In this study, all the recruited subjects were females, the mean value of the duration of diabetes and systolic blood pressure in the T2DM+ATHR were significantly higher than that of the T2DM-ATHR. Also, the mean value of age, BMI and systolic blood pressure of the T2DM+ATHR were significantly higher than the control cohort. These results are in accordance with Rao et al., (2010) who stated that long standing hyperglycemia causes many microvascular and macrovascular diseases including CVDs [2]. Additionally, Rambhade stated that DM elevates the risk of both cardiac diseases and stroke and almost half DM patients are killed by CVDs. Also, there is a direct relationship between insulin resistance and being overweight that shall be translated into stemming of various diseases such as hypertension, T2DM and CVDs [23].

In the current study, the lipid profile showed significantly higher mean serum levels of triacylglycerol (TG) in T2DM+ATHR cohort compared to the control cohort. On the other hand, the total cholesterol and LDL-C of the T2DM+ATHR cohort were not significantly higher compared to the control group. With respect to the mean serum level of HDL-C, it was relatively lower in the T2DM+ATHR than in the T2DM-ATHR and the control groups. Moreover, the mean fasting insulin level was significantly higher in both diabetic groups compared to the control group. Consequently, the mean HOMA levels were significantly higher in both diabetic groups compared to the control group and in the T2DM+ATHR cohort compared to T2DM-ATHR cohort.
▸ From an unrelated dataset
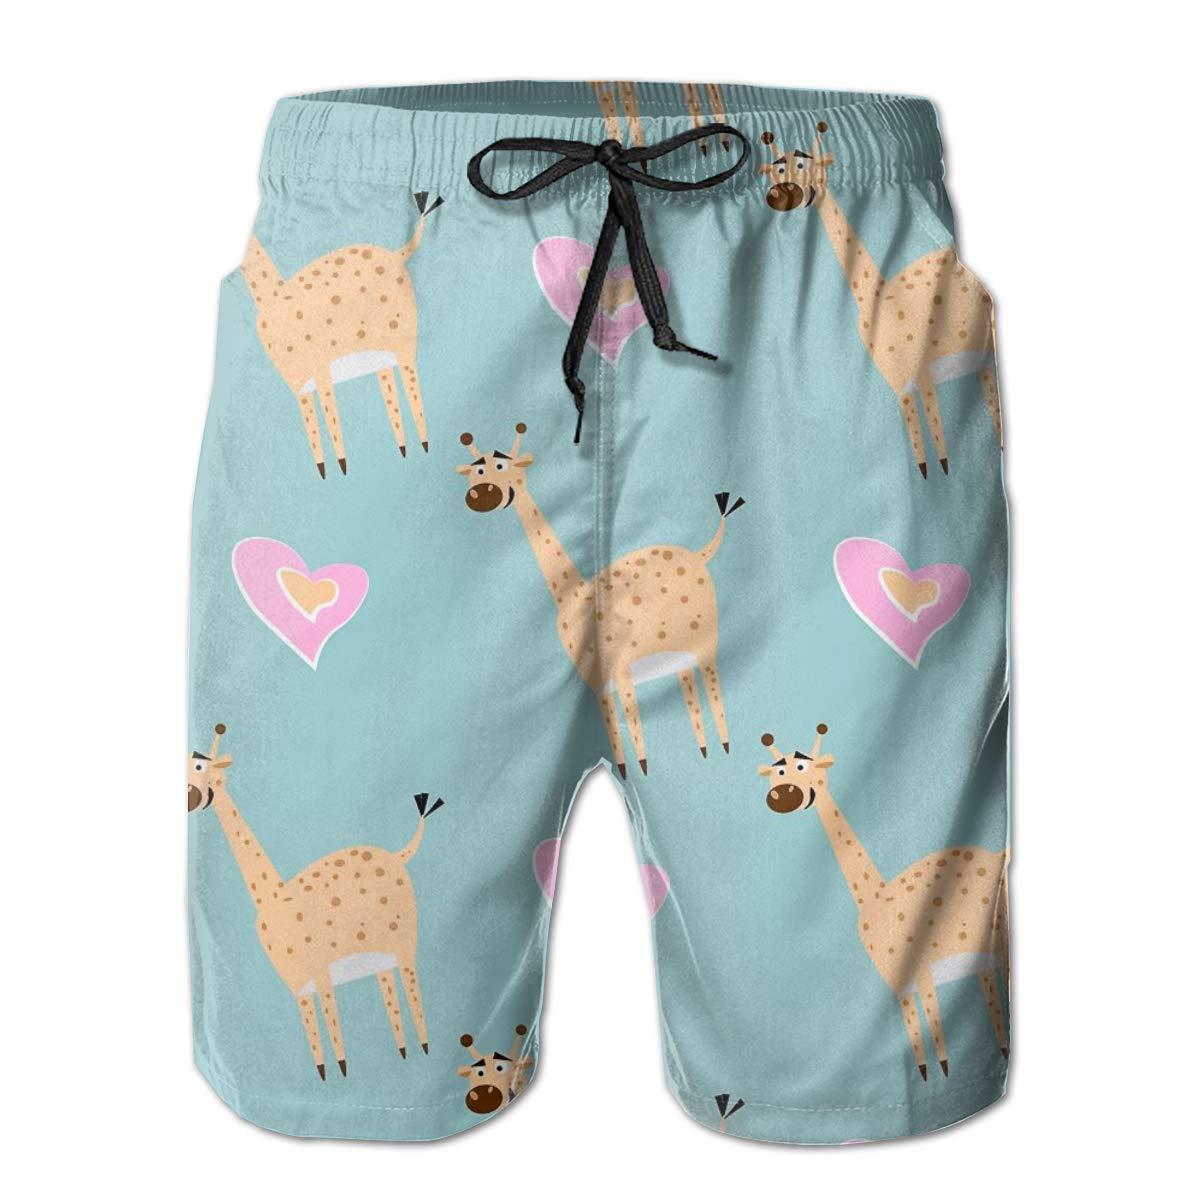 SARA NELL Mens Swim Trunks Pattern with Cute Giraffe and Heart Surfing Beach Board Shorts Swimwear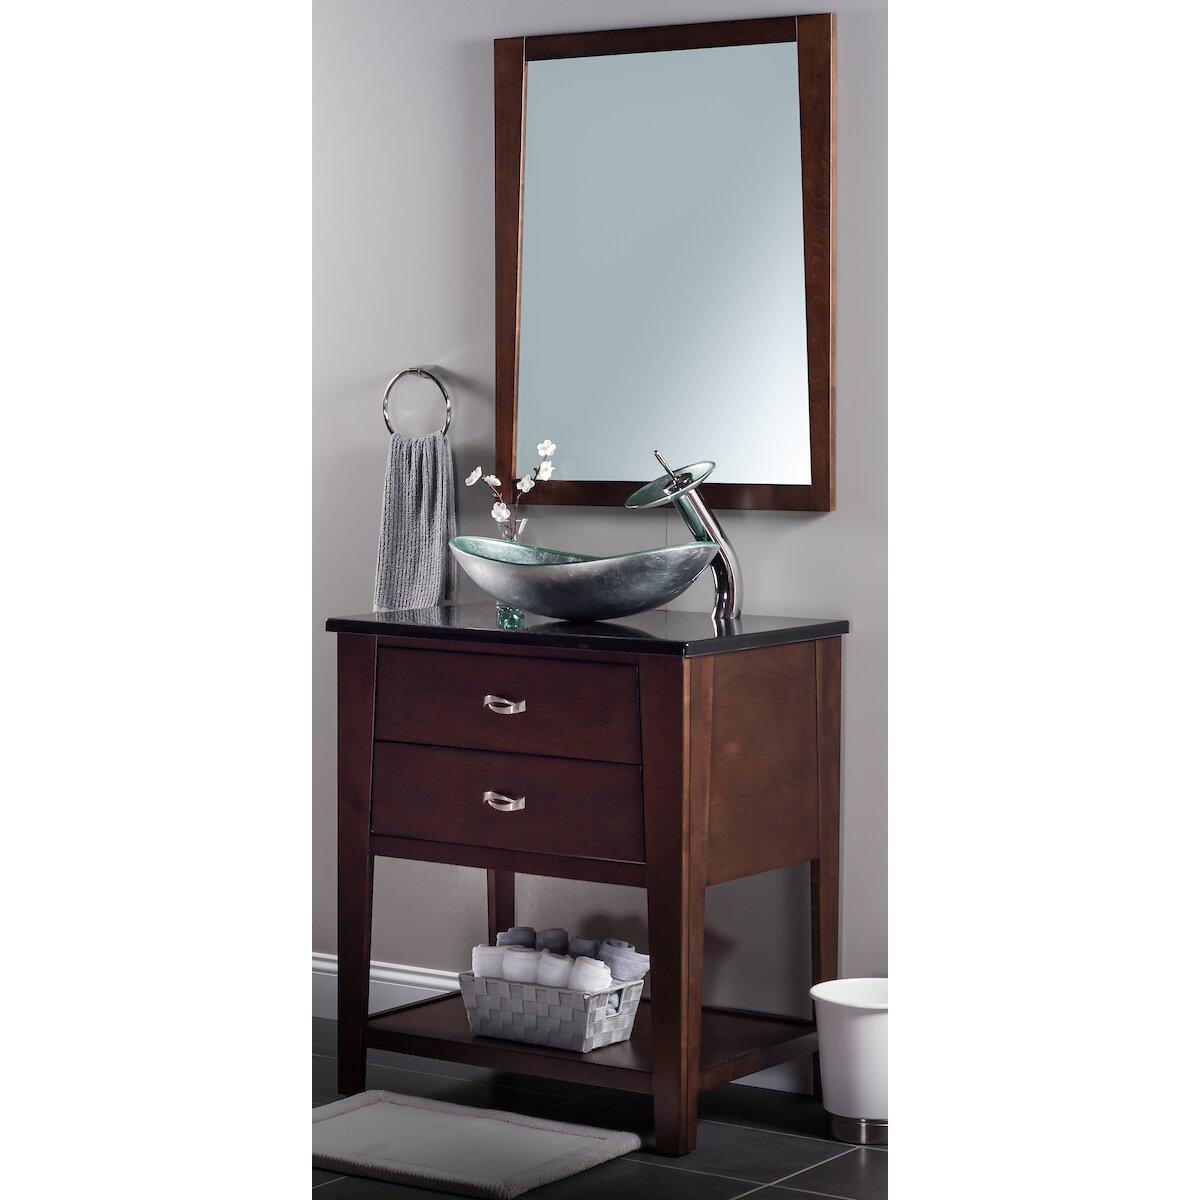 Novatto argento oval vessel bathroom sink set for Bath toilet and sink sets

FBG level and HbA1c% were significantly increased in both diabetic cohorts when compared to the controls. Also, FBG level was significantly increased in T2DM+ATHR cohort compared to T2DM-ATHR cohort. Consistent with the current lipid profile, it has been previously reported that dyslipidemia is higher in T2DM patients when compared to healthy subjects [24,25]. The underlying mechanism describing the pathogenesis of T2DM that promotes dyslipidemia occurrence is principally β-cell dysfunction and insulin resistance. It has been revealed that the increment in plasma TG levels is resulting from the weakened insulin ability to repress the production of large TG-rich VLDL (VLDL -TGs) in T2DM individuals. The weakened action of insulin on fat cells is deemed to be the cause of the defective suppression of the TGs breakdown inside the cells and the production of non-esterified (free) fatty acids (NEFAs) into the blood where the later elevated entry into the liver stimulates TG synthesis, thus, resulting in hypertriglyceridemia and post-prandial hyperlipidemia owing to the impaired activity of the lipoprotein lipase enzyme. Hypertriglyceridemia affects the blood coagulation via initiating thrombogenic changes. Besides, the increased VLDL-TGs levels reduce the cardio-protective HDL-C levels which leads to its lessened antioxidant and anti-atherogenic activities [26]. In addition, insulin resistance has been proven to play a crucial role in the emergence and progression of T2DM associated cardiovascular complications [27,28]. Also, Haffner et al., (1997) found that high insulin resistance assessed by HOMA-R characterized subjects with impaired glucose tolerance [29].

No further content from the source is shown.